The facts which lay behind the offence were as follows. At about 1.30pm on 19th July 2005, a Mrs Thavaharan was walking home with her shopping in Morden. She saw the applicant on the other side of the road. He appeared to be walking aimlessly. He approached her and used a number of pretexts to do so, including offering to help carry her shopping. She declined and moved on. He suddenly grabbed her by the throat with one hand. With his other hand he grabbed two gold wedding chains which were around her neck. The chains were substantial and did not break despite considerable force being used. She attempted to call for help but his grip around her throat was so tight that she could not call out. Mrs Thavaharan was pulled to the ground and the applicant continued to try and tear the chains from her neck. The force used was so great that she was pulled several feet along the pavement. Eventually he put his foot against her shoulder and pulled at the chains. This did not break the chains but he was able to pull them over her head. He then ran off with them. Mrs Thavaharan suffered severe abrasions to her neck.

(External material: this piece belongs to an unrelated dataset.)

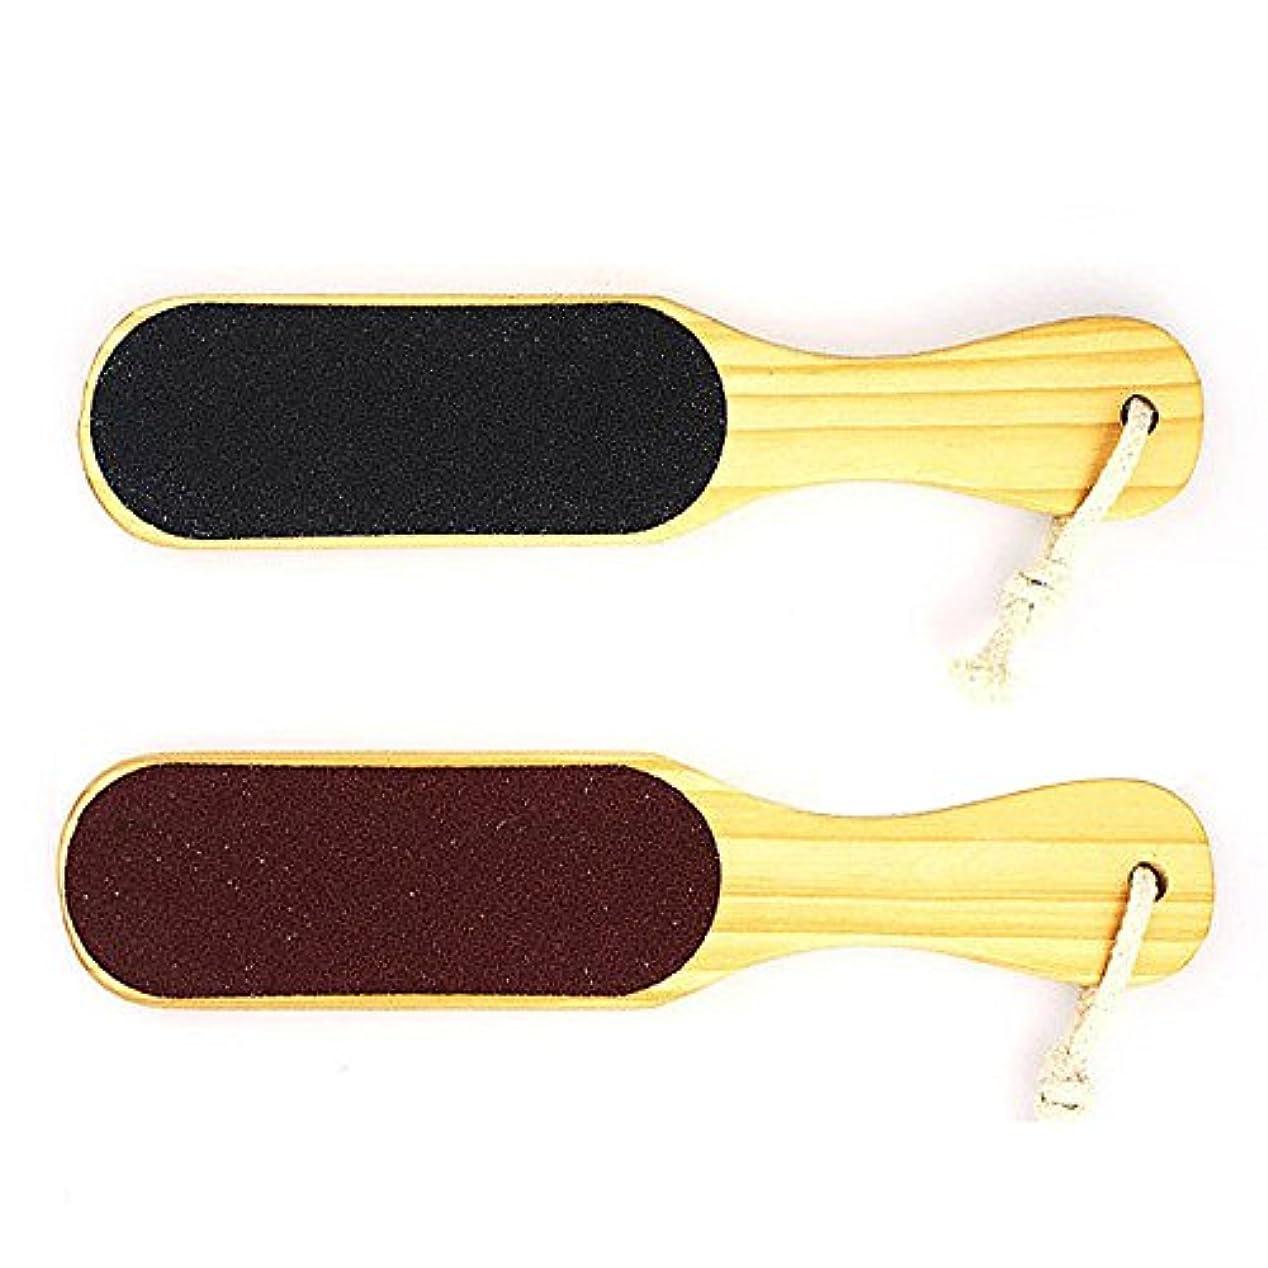 レンディション怠スツールFinlon 多機能 ツインヘッド角質取り器 足裏 角質除去 かかと 角質ケア かかとケア 足ケア 両面サンドペーパー かかとやすり フット用品

On 21st July, two days later, police officers drove Mrs Thavaharan around the area. She saw the applicant and pointed him out. He was arrested. He made no comment in interview. In his possession was a pawnbrokers account card. It was found that he had pawned the two chains on the day of the robbery. The chains were recovered and returned to Mrs Thavaharan.
In a victim impact statement Mrs Thavaharan said she had scars on her neck and elbows. She had been in pain for four to five weeks after the robbery. She had difficulty sleeping. She was frightened to be in her house alone, even during the day. Since the attack she had not been out on her own. She had returned to work but only at weekends because her husband could then take her. In consequence she was earning only half of what she had earned previously and her husband had lost his Saturday overtime. She had also lost much of her independence.
The motive for the attack on Mrs Thavaharan was to obtain money to buy crack cocaine for which the applicant said that he had had an overpowering craving when he had awoken that morning.
In passing sentence the judge held that among other matters there was a risk of serious harm being occasioned in the future by the applicant. He concluded that the appropriate sentence was life imprisonment passed pursuant to section 225(2), as we have said. He stated that the determinate sentence, giving credit for the guilty plea, would have been one of five years' imprisonment and so the minimum period to be served, taking account of the period on remand, was two years and 140 days.
The applicant was born on 24th December 1975 and so is now 30 years old. He has a number of previous convictions having been dealt with by the courts on 12 previous occasions. On 14th December 1992 he received a conditional discharge for assault occasioning actual bodily harm. On 29th September 1998 he was fined for possessing a bladed instrument. On 12th February 1999 he was sentenced to 12 months' imprisonment for affray. There followed a number of appearances for theft and driving whilst disqualified. On 28th June 2002 he was sentenced to four years' imprisonment for robbery and attempted robbery. Those offences were very similar to that giving rise to this appeal. The robbery occurred on 28th March 2002. He again approached a lone woman and started to follow her. He asked for some change and was told by her that she did not have any. He then grabbed her handbag and dragged her across the street and threw her against a wall. The attempted robbery occurred later on the same day. He again approached a lone female, asked her for money and attempted to grab her handbag. A violent struggle broke out and the victim was dragged along the road. A shout from a passer-by prevented the applicant from taking anything from the victim on that occasion. The motive for these offences was again to obtain money in order to purchase drugs. At that time the applicant was on leave as an informal patient at Springfield Hospital in Tooting.
There was a pre-sentence report before the judge but the more important report was that of Dr Barbara Pierce, a specialist in adult psychiatry approved under section 12 of the Mental Health Act 1983. Under the heading of "background information" her report stated in respect of the appellant that:
"He is unemployed and has consistently failed to engage in structured occupational or educational activities. He has a diagnosis of severe and enduring mental illness, that being Schizoaffective Disorder. His illness has been exacerbated by illicit substance misuse, principally crack cocaine."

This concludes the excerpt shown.